As punishment for her role as shenanignitiator, Janice was seated into one of the myriad coolers by some of the frowning poker players, who made a salad on her head complete with multiple dressings, ketchup, mustard, whatever-  and dumped the contents of a second cooler (which was far beyond ice and water at that point) over her.
 
As we all stood amidst the food stained wreckage, one thing was abundantly clear. 
Everybody smelled like vegetable soup that passed its expiration date.
 
Mom packed as many people as possible into her station wagon, and along with a gang of walkers, we all went down to the beach on this extremely late evening.

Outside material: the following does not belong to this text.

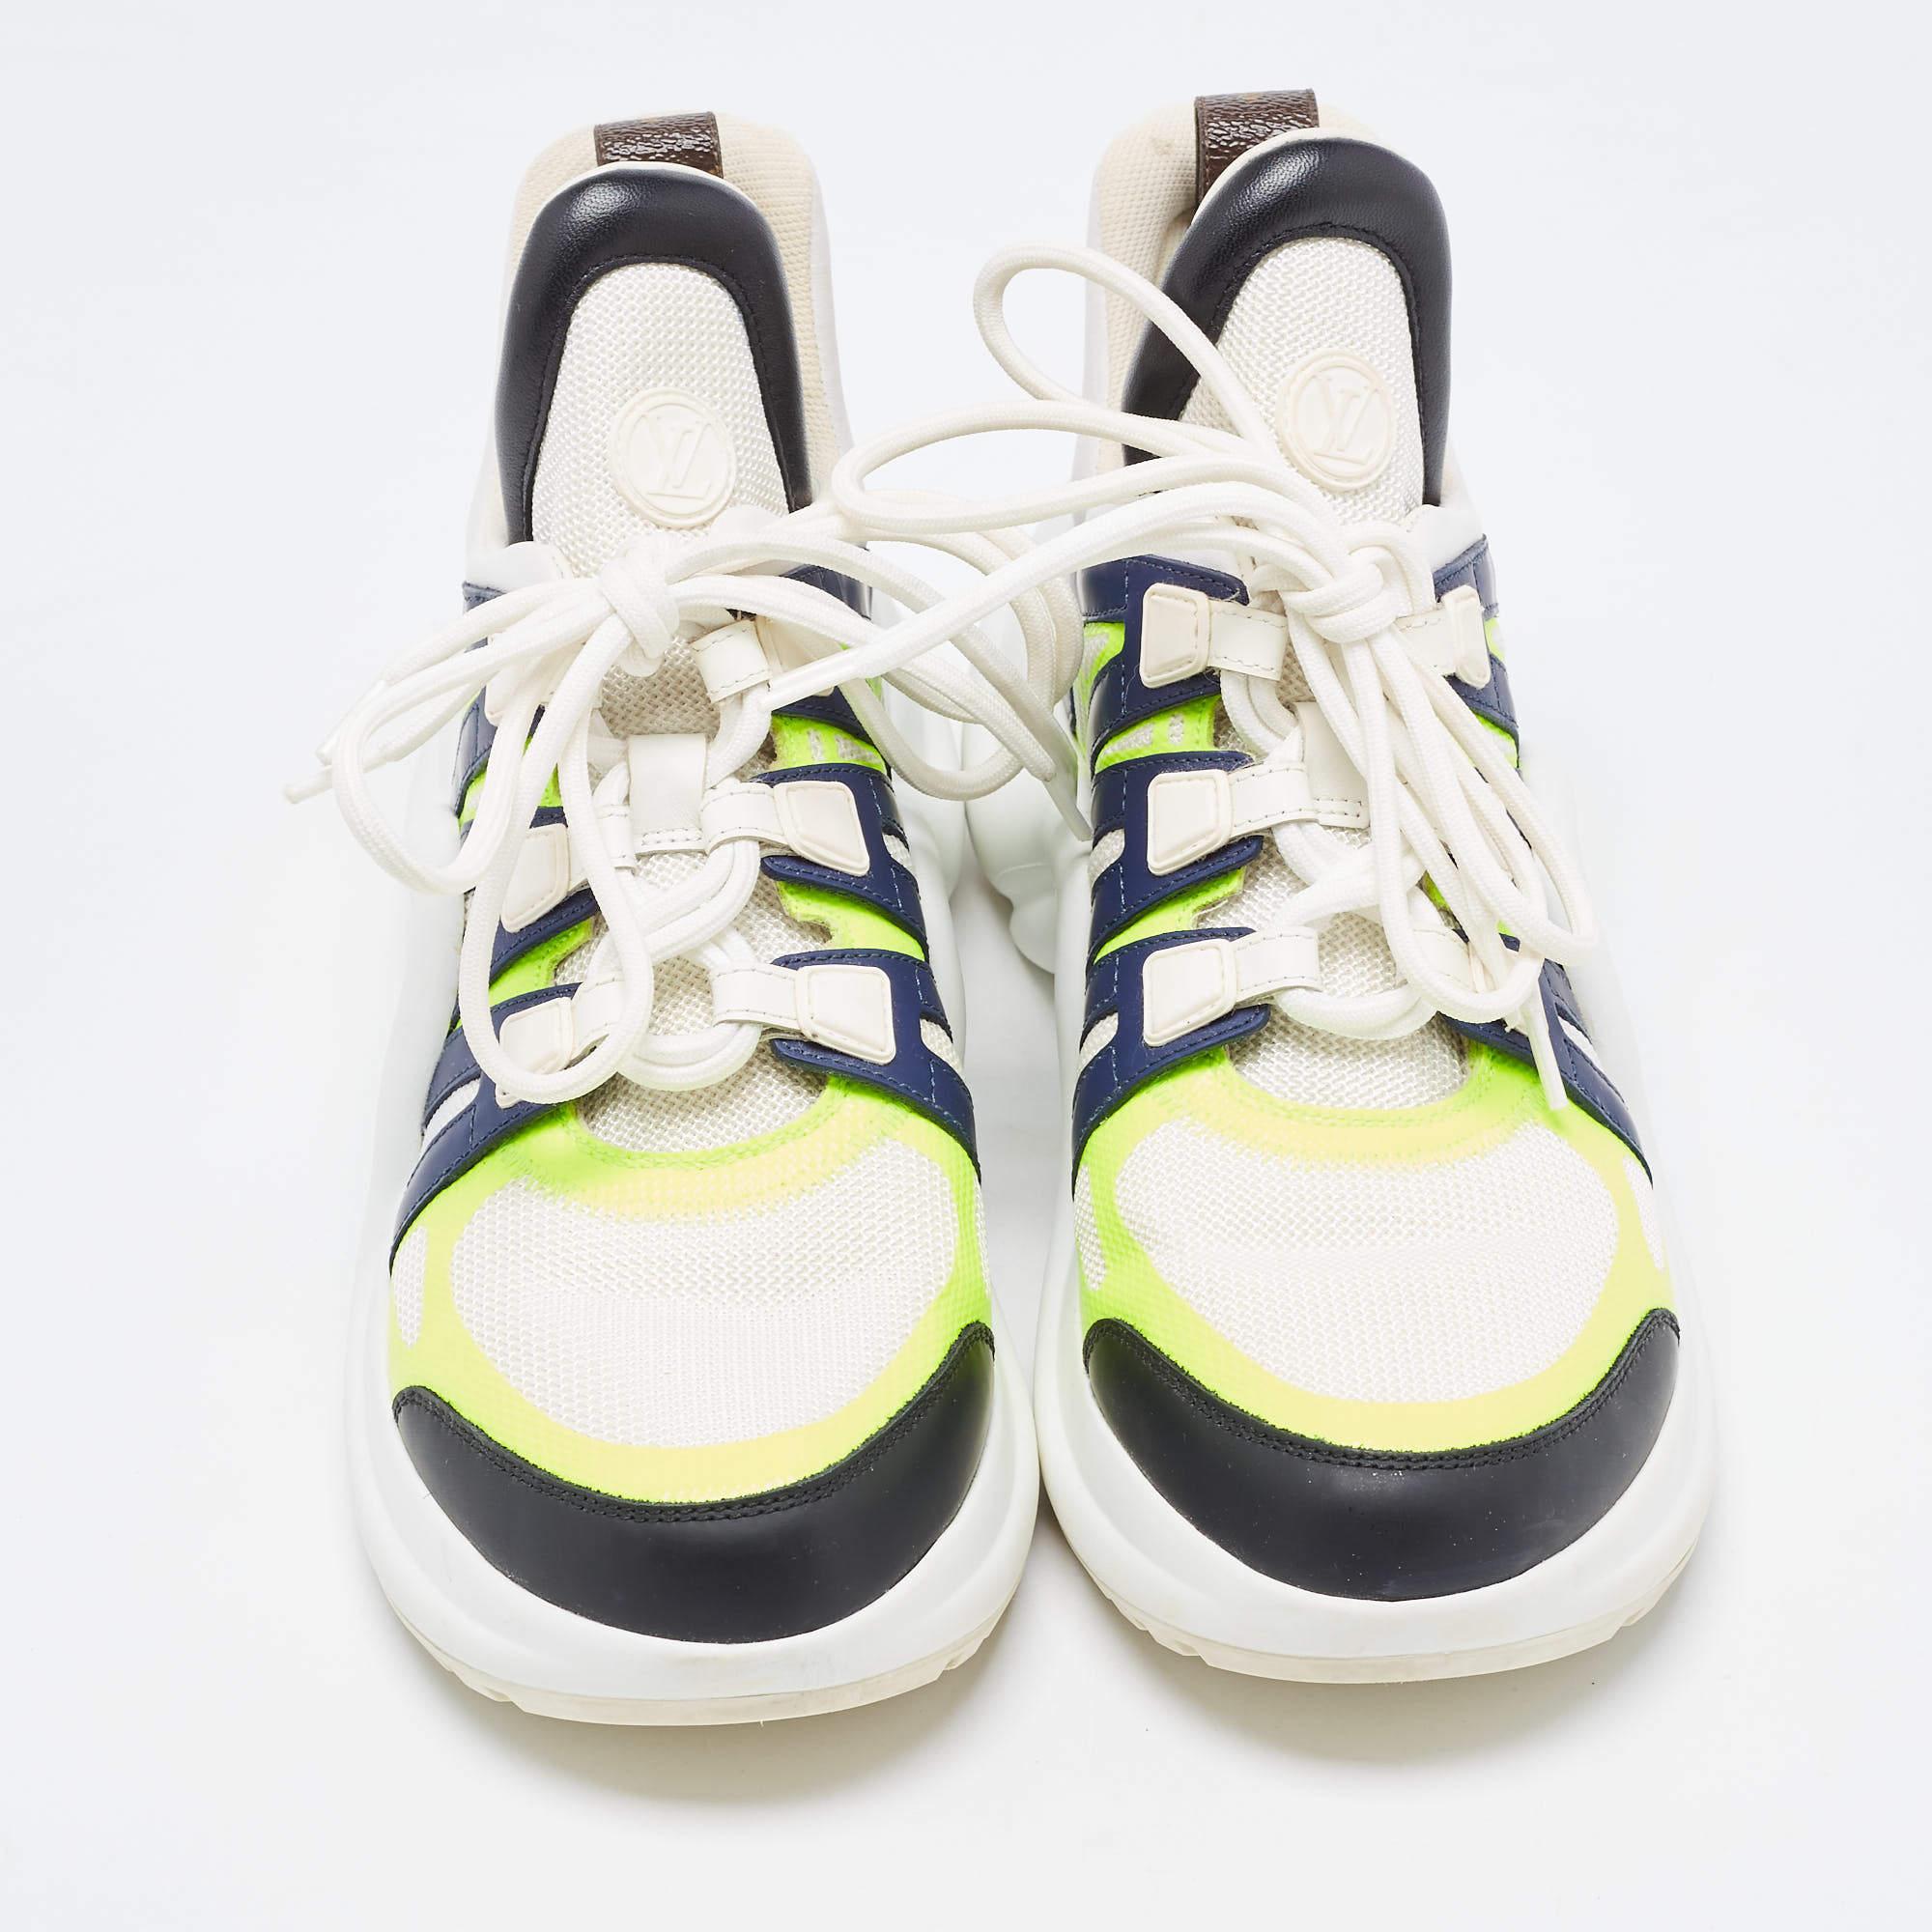 Aktualisieren Sie Ihren Stil mit diesen LV Archlight Sneakers. Sie sind die ideale Wahl für einen trendigen und bequemen Gang. Sie sind sorgfältig auf Mode und Komfort abgestimmt.

Enthält: Original-Staubbeutel, Original-Box, Info-Booklet

She parked the car at the top of the sand, allowing her headlights to illuminate the swim area. The abnormally hot days meant the water was warm enough to have a layer of steam rising from it on the cooler weekend night, and it was delightfully comfortable.
 
In an outstanding coincidence, all of our across the Lake neighbors woke up at the exact same time as our swim.  We knew this since we saw their house lights illuminate in series, like a Christmas display of insomnia.
 
The back of Mom’s car smelled like Sunday gravy for a month.


2 comments:

Dina Roberts said...

Some of this would make really good movie scenes...I mean the type that go into the movie trailers.

Jeff McGinley said...

Thank you very much. As a indication of how long I've been writing about Up the Lake, "Little" Rich said he should be played by Mel Gibson if a movie was ever made.

I'm not sure Mel would stick a cinnamon tic tac up his nose though.